The spinoff isolates 180 megawatts of traditional cloud infrastructure—hosting, storage, enterprise compute—from the GPU-heavy high-performance compute business that Applied Digital has spent $840 million building out over eighteen months. Management expects the transaction to close by Q3 2025, subject to regulatory approval and a yet-to-be-named board for the new entity. The parent company retains all GPU datacenter assets, including its North Dakota facility tied to a 200-megawatt power purchase agreement with a regional utility.
Wall Street has punished hybrid infrastructure plays since Nvidia's H100 scarcity ended. Applied Digital traded at 2.1x forward revenue before today's move, well below pure-play GPU hosts at 4.3x and below diversified peers at 2.9x. The separation removes $127 million in annual revenue that carries 18% EBITDA margins—serviceable, but half the 36% margins the GPU side generates under long-term contracts with three hyperscale clients and two AI research labs. Allocators who avoid conglomerate discounts now get a cleaner thesis: one entity with exposure to commodity hosting in structural decline, another with exposure to AI infrastructure buildout trading closer to its comparables.
The timing lands as datacenter REITs and operators face a capital allocation question few have answered well. Traditional hosting revenue has compressed 190 basis points since 2022 as public cloud providers commoditized compute. GPU infrastructure, by contrast, commands premium pricing—Applied Digital's contracts average $2.80 per GPU-hour, roughly 40% above spot rates—but requires continuous capex to stay current with chip generations. The spinoff lets each business optimize its balance sheet independently. The cloud entity can harvest cash and return it or consolidate with peers. The GPU business can lever up for growth without dragging a slower sibling through the structure.
Operators should track three items over the next six months. First, whether Applied Digital's $310 million term loan gets split or stays with the parent—the credit agreement allows for asset transfers under certain conditions, but lenders will want concessions. Second, who lands on the spinoff's board; if it includes datacenter M&A veterans, expect the new entity to sell within eighteen months rather than operate independently. Third, whether the GPU business announces new capacity before separation closes—management has hinted at a 120-megawatt Texas site, and moving before the split would signal confidence in standalone growth.

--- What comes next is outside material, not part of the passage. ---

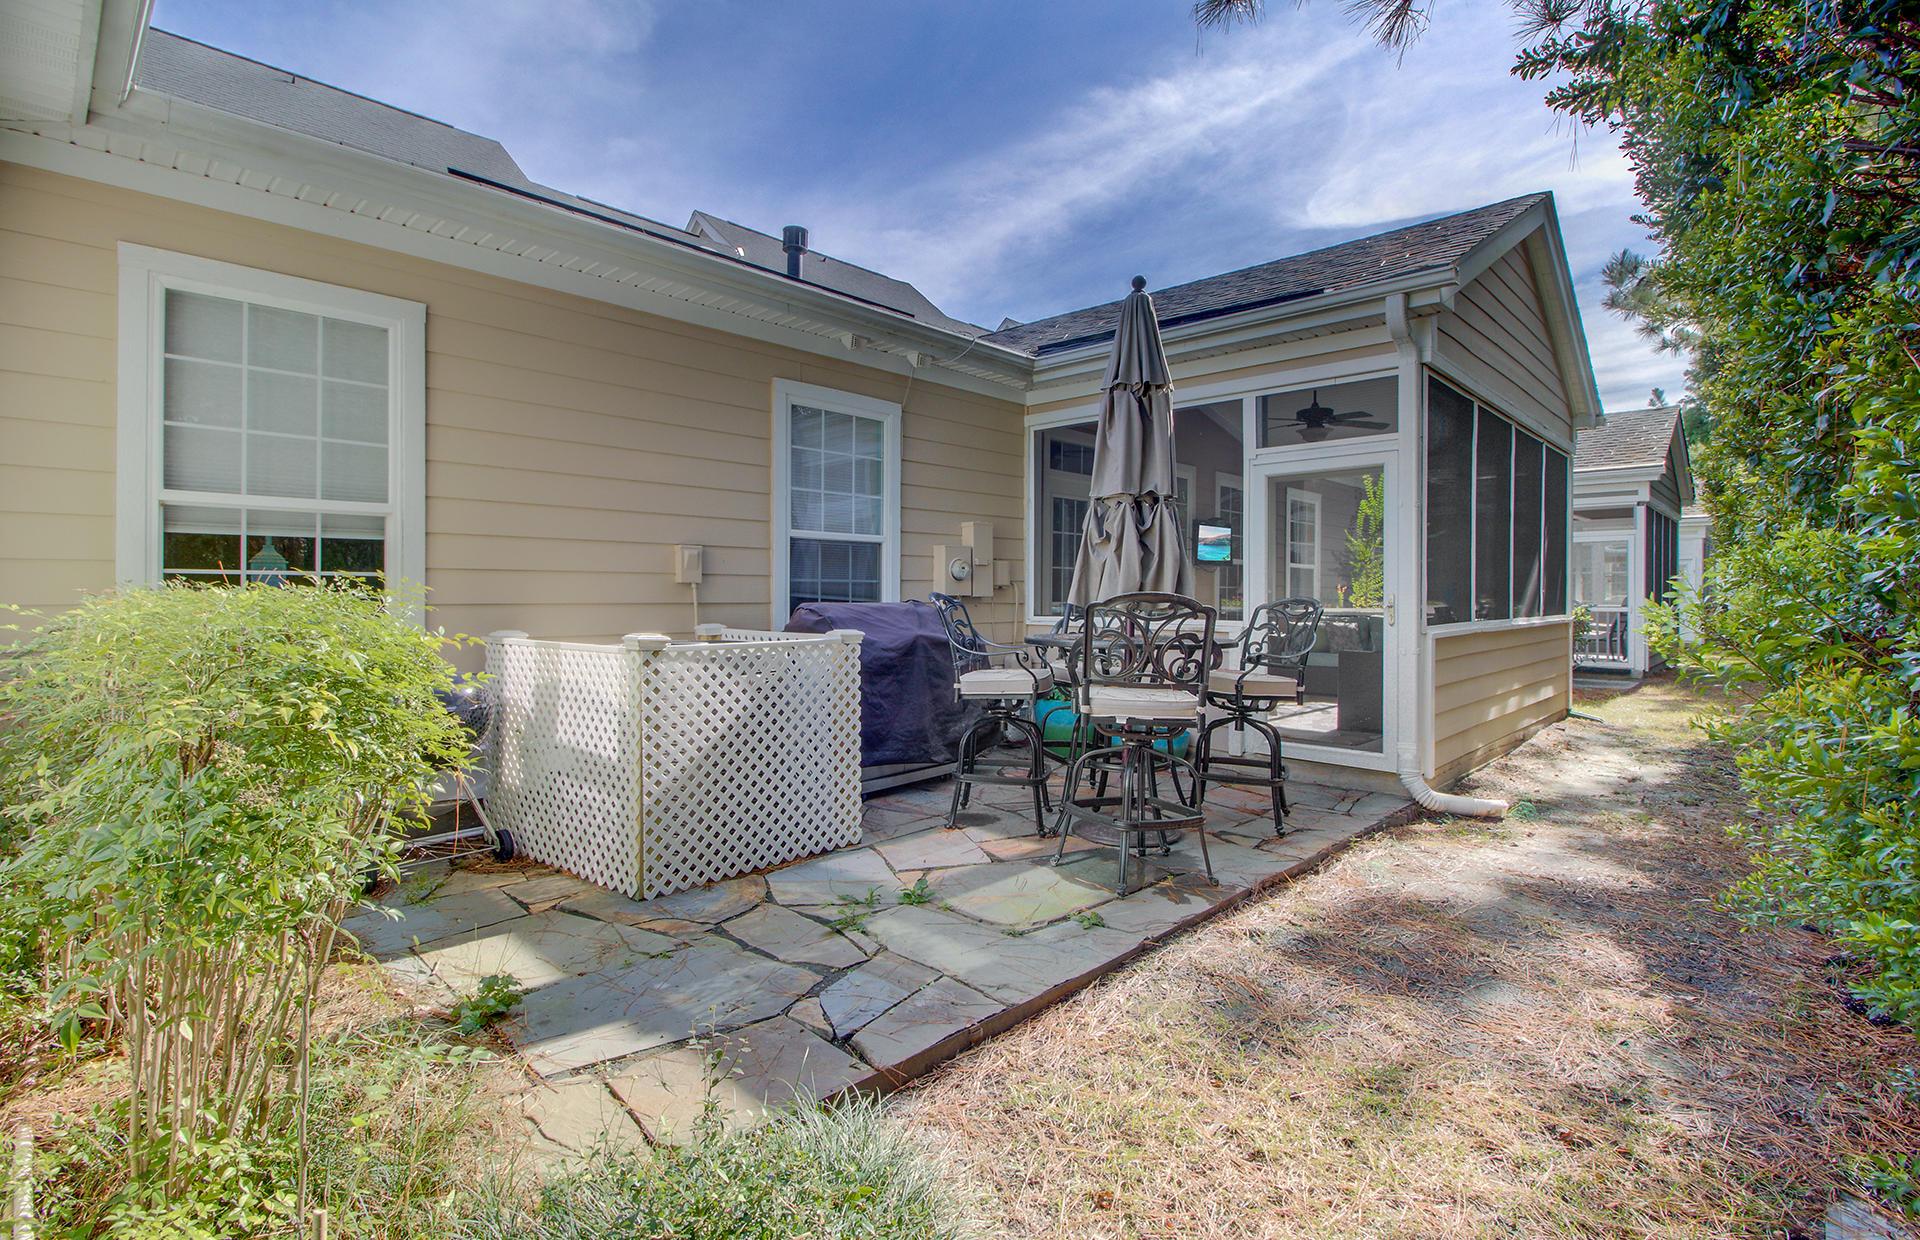 Dunes West Homes For Sale - 145 Fresh Meadow, Mount Pleasant, SC - 35

The market is pricing Applied Digital's GPU business at roughly $1.9 billion post-separation, assuming the cloud entity trades at 1.4x revenue and gets valued near $180 million. That puts the HPC side at 3.8x forward revenue, still below CoreWeave's last private round at 4.7x, but closer than the blended multiple suggested two weeks ago. If power costs stay favorable and Nvidia's B200 ramp holds through 2025, that gap closes further.